Car wash workers unionizing

October 2, 2011

Editor’s note: On Aug. 6, 15 young Mexican workers and student activists picketed the Robertson Car Wash for seven hours in support of low-wage immigrant car wash workers. They again picketed on Aug. 14, along with additional students from the AFL-CIO Union Summer program.

Of the very few drivers who came to have their cars washed, over half of them turned away, taking flyers describing the reason for the boycott. A janitor who has been picketing here for two years said that at the beginning the car wash was very busy, but since then business has declined.

The CLEAN (Community-Labor-Environmental Action Network) Carwash Campaign is a coalition of labor unions, immigrant rights, environmental and other progressive organizations in support of 7,000 to 10,000 car wash workers struggling to improve the substandard working conditions in the greater Los Angeles area.
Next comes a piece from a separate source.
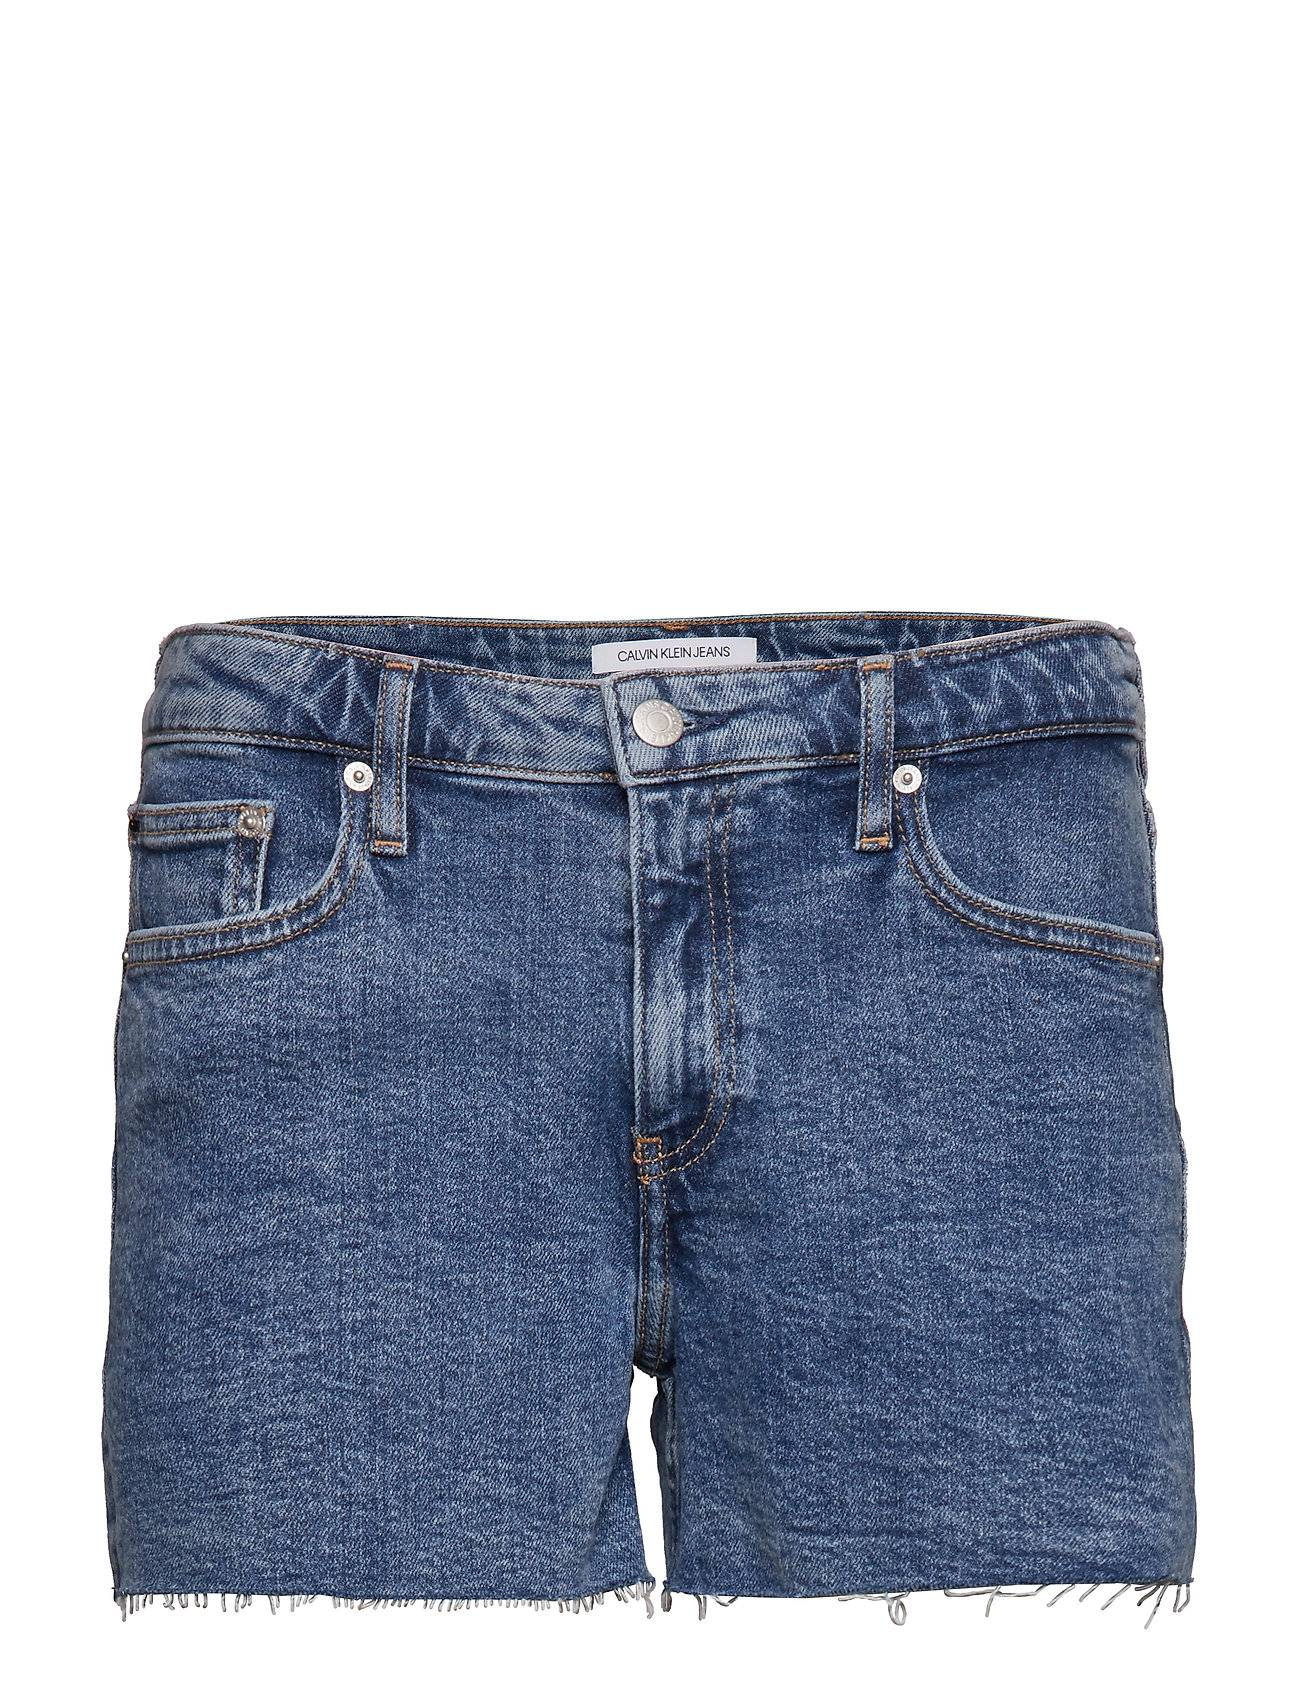 Image of Calvin Mid Rise Weekend Sho Shorts Denim Shorts Sininen Calvin Klein Jeans
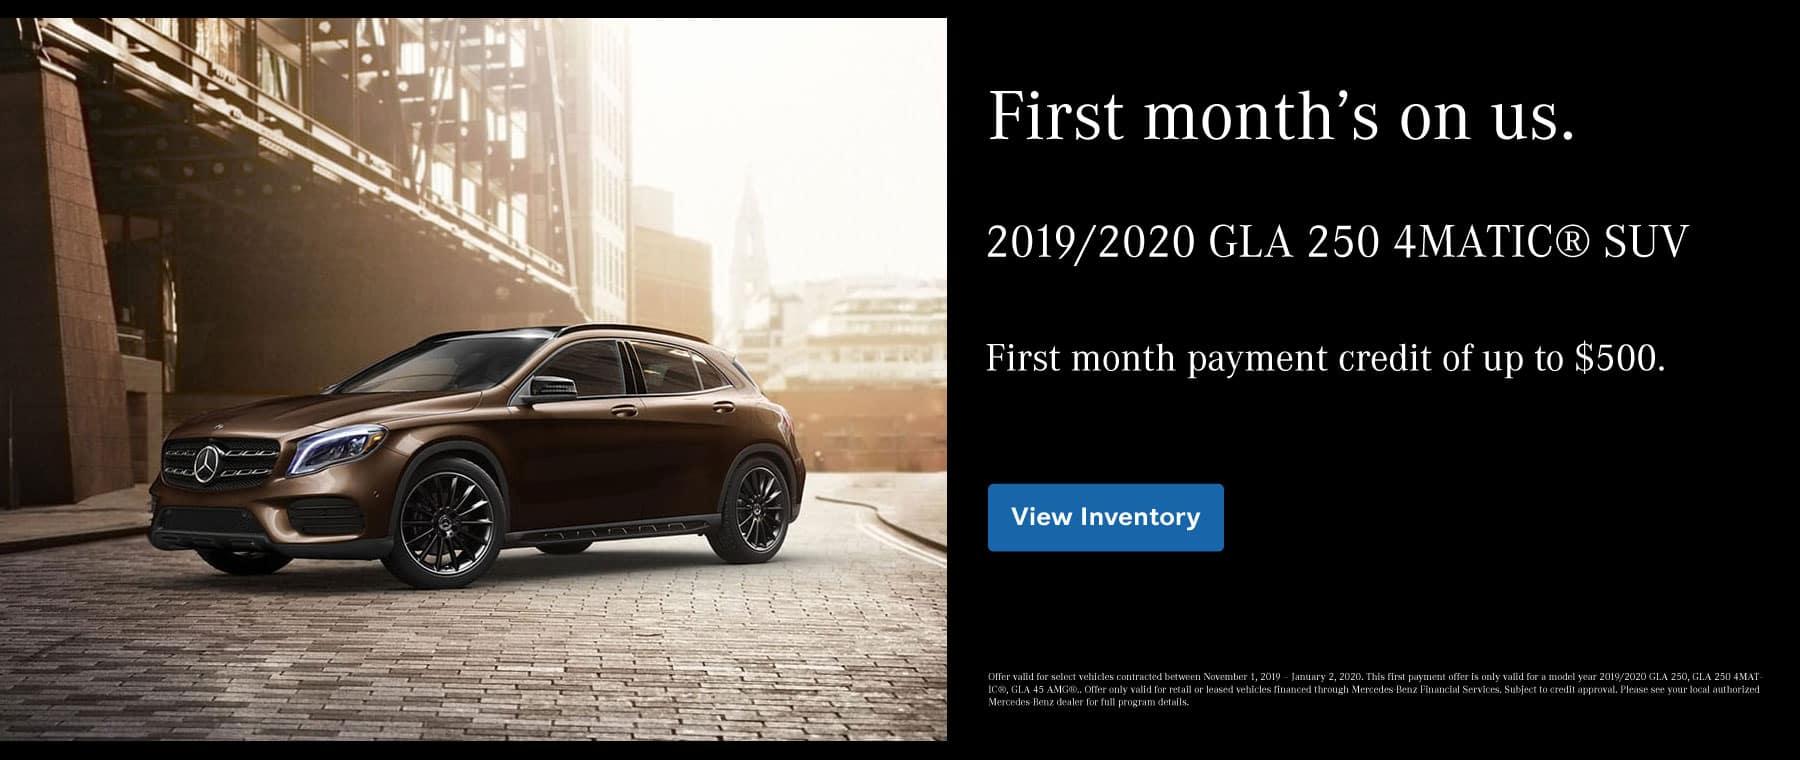 GLA Credit Payment

Its goal is also to help keep the environment clean and keep wastewater from polluting rivers and the ocean. Erik, a youth, writer, student and CLEAN Carwash Campaign organizer, told News & Letters:

Los Angeles–When the Campaign first started talking to the workers three years ago, the workers told them what was going on, then said, “We want your help in fixing this.” For instance, an owner would have a car washer work ten hours, but maybe pay them for only five or six. The workers needed the money, so they accepted it. There’s a lot of that.

The struggle includes having the boss provide clean drinking water, clean and proper restrooms, work in the shade, and rest and lunch breaks. California law says all workers are entitled to such breaks, regardless of their immigration status, but they aren’t provided by owners.

There is no standard for how car wash employers operate and treat the workers. Car wash owners operate against existing labor laws. Workers have to handle toxic chemicals, sometimes acids and waxes. Owners try to gain as much money as possible by exploiting the workers. With some workers, there are language barriers. Sometimes, immigration status is involved.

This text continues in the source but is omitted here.